## Given records
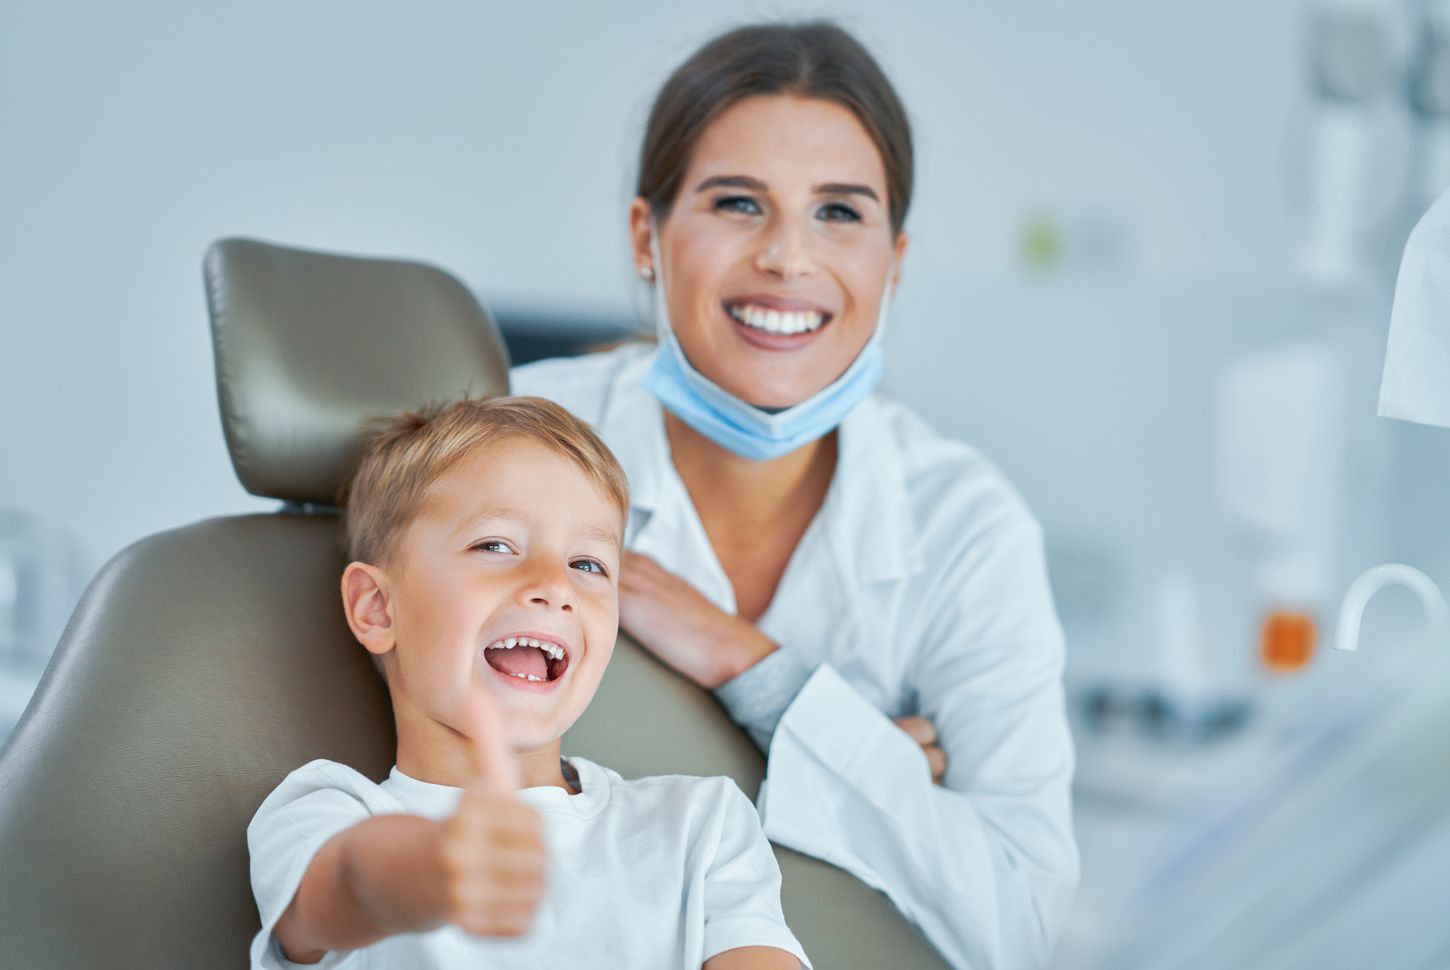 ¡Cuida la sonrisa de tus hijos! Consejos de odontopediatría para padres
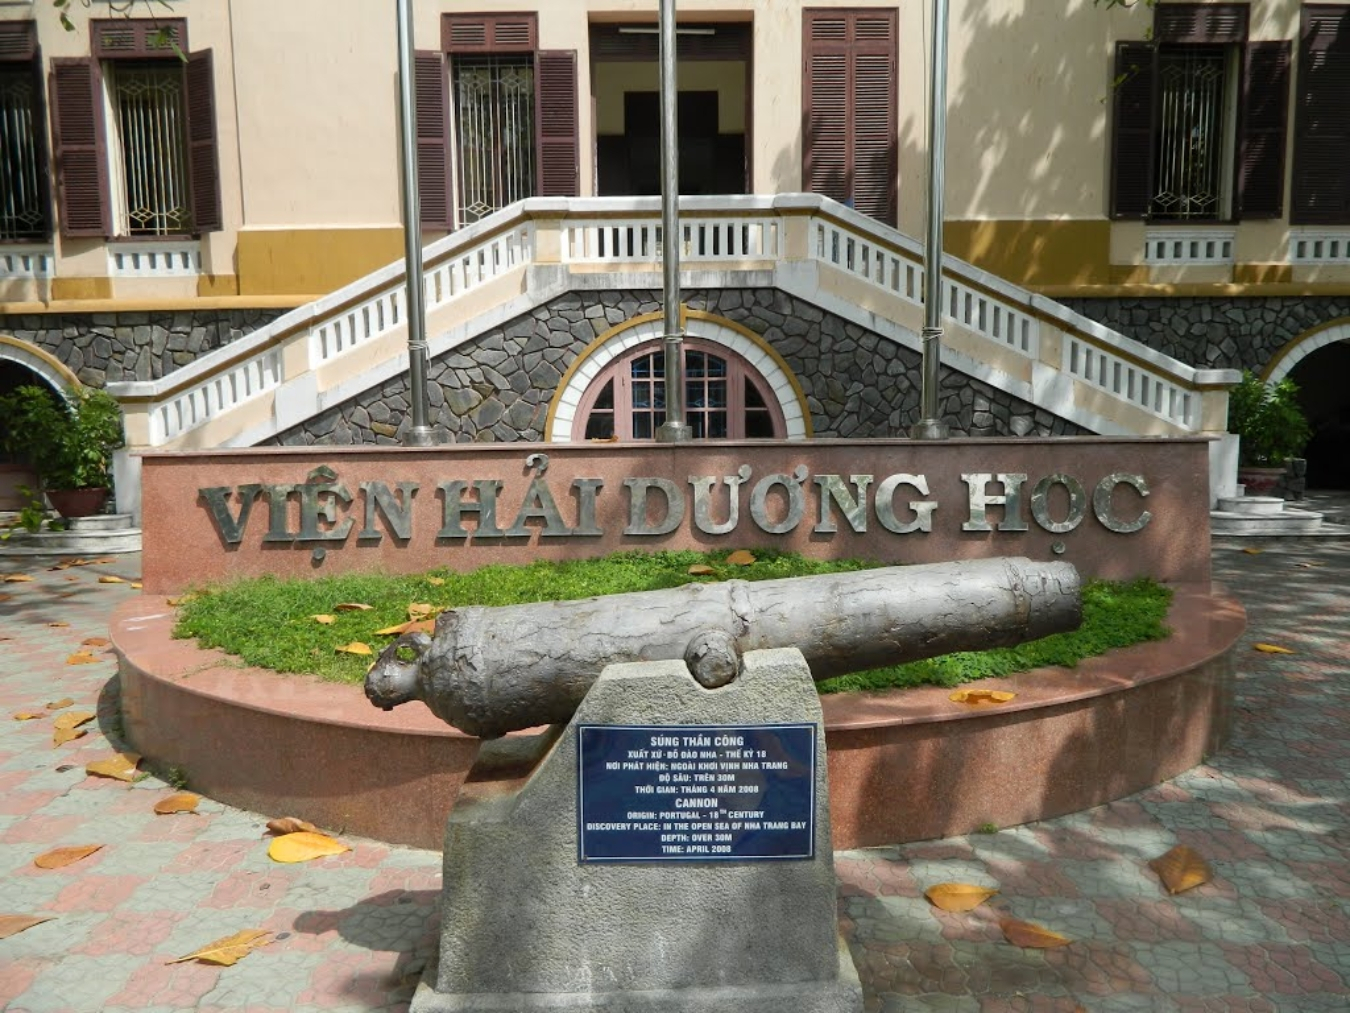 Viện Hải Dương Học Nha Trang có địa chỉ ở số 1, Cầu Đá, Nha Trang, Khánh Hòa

* * *

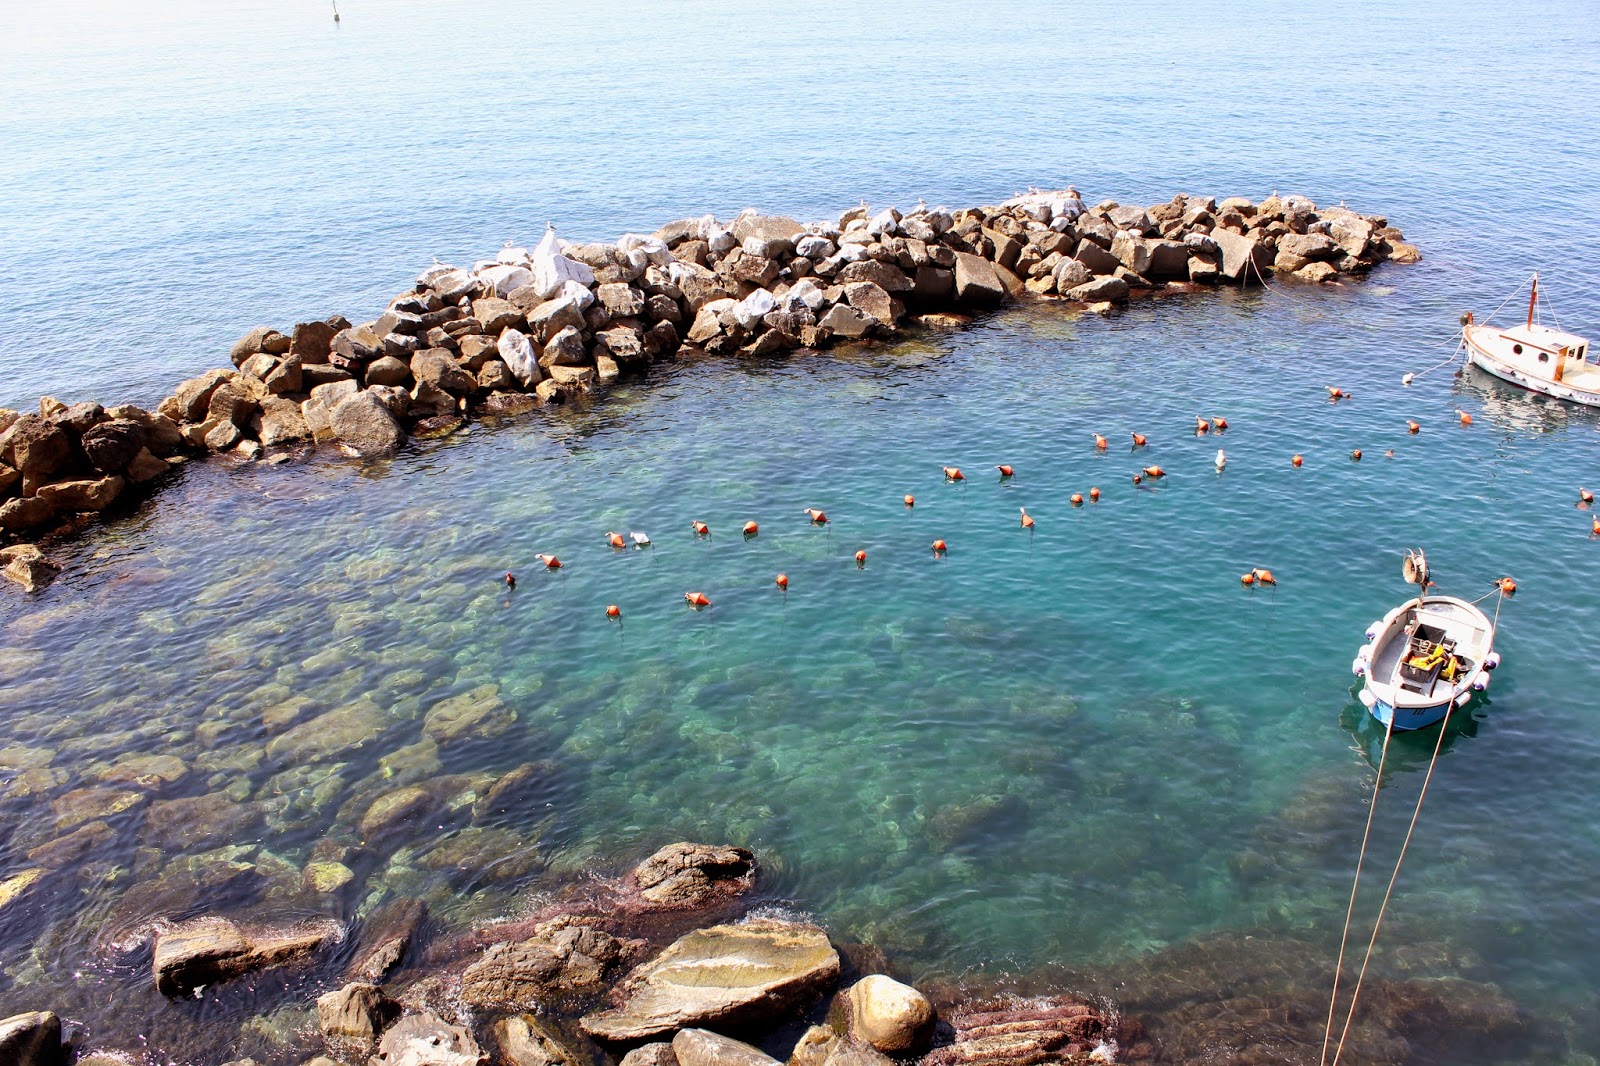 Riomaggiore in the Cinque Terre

--

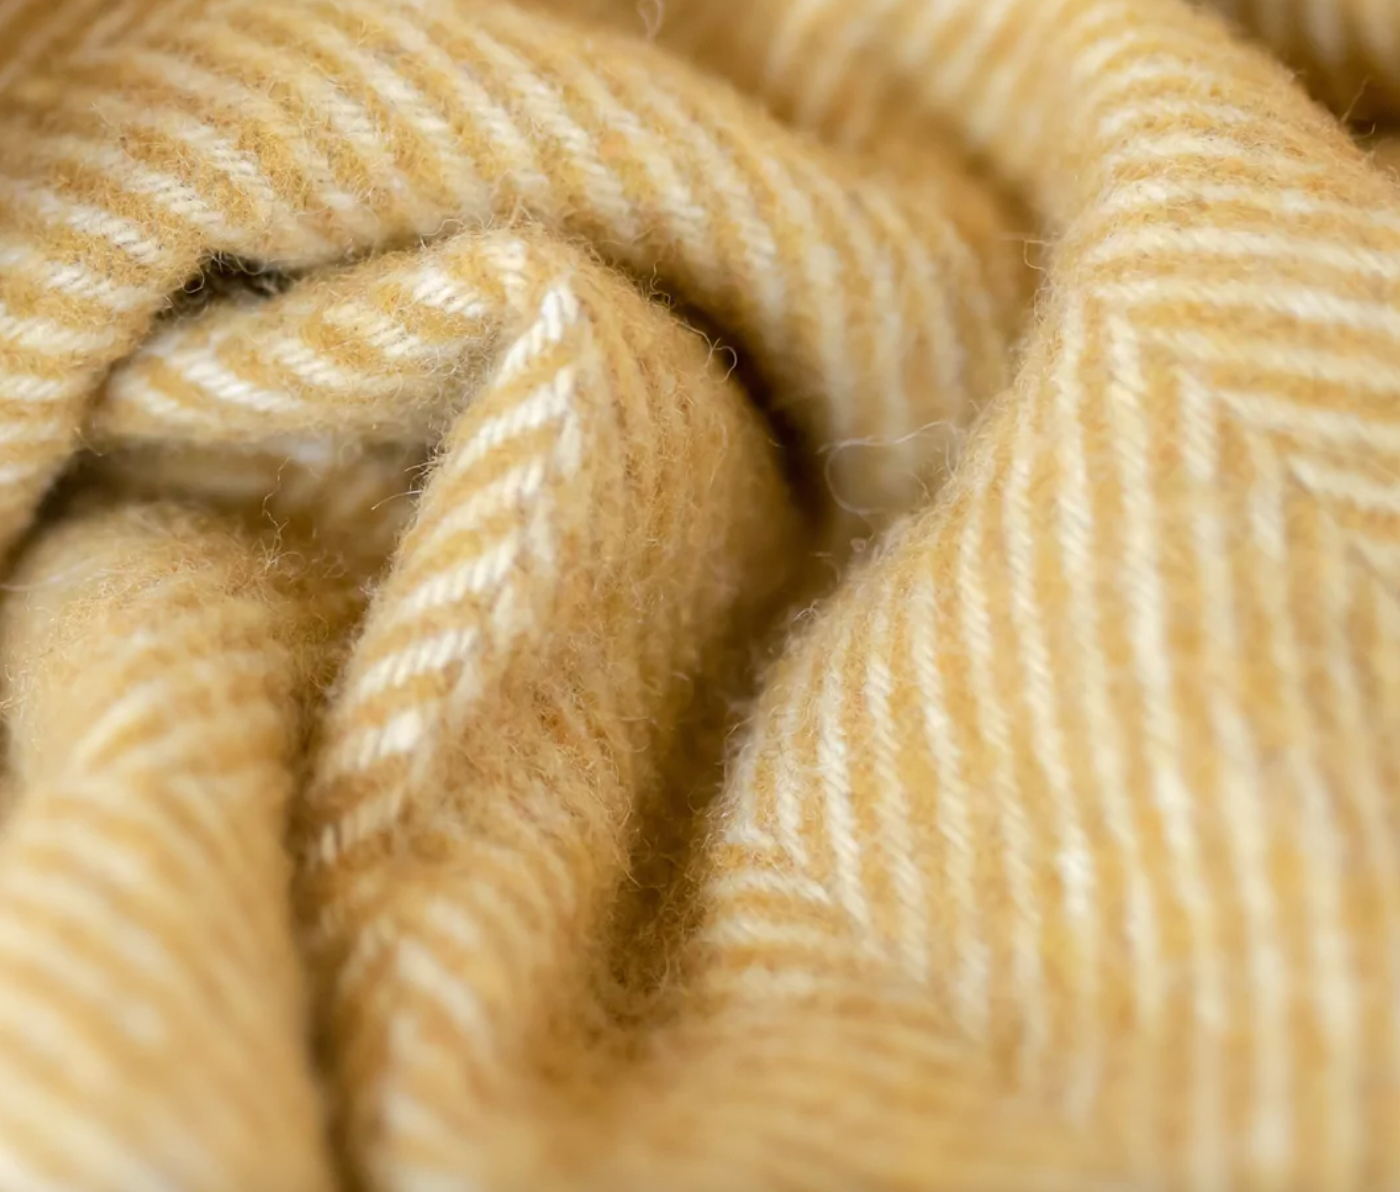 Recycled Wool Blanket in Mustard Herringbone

## Exercise objective
Once the line with "odontopediatría para padres" has been found above, output that line and every later line exactly, stopping after the line with "Viện Hải Dương", and omit the pictures.

## Response to the task
 ¡Cuida la sonrisa de tus hijos! Consejos de odontopediatría para padres
 Viện Hải Dương Học Nha Trang có địa chỉ ở số 1, Cầu Đá, Nha Trang, Khánh Hòa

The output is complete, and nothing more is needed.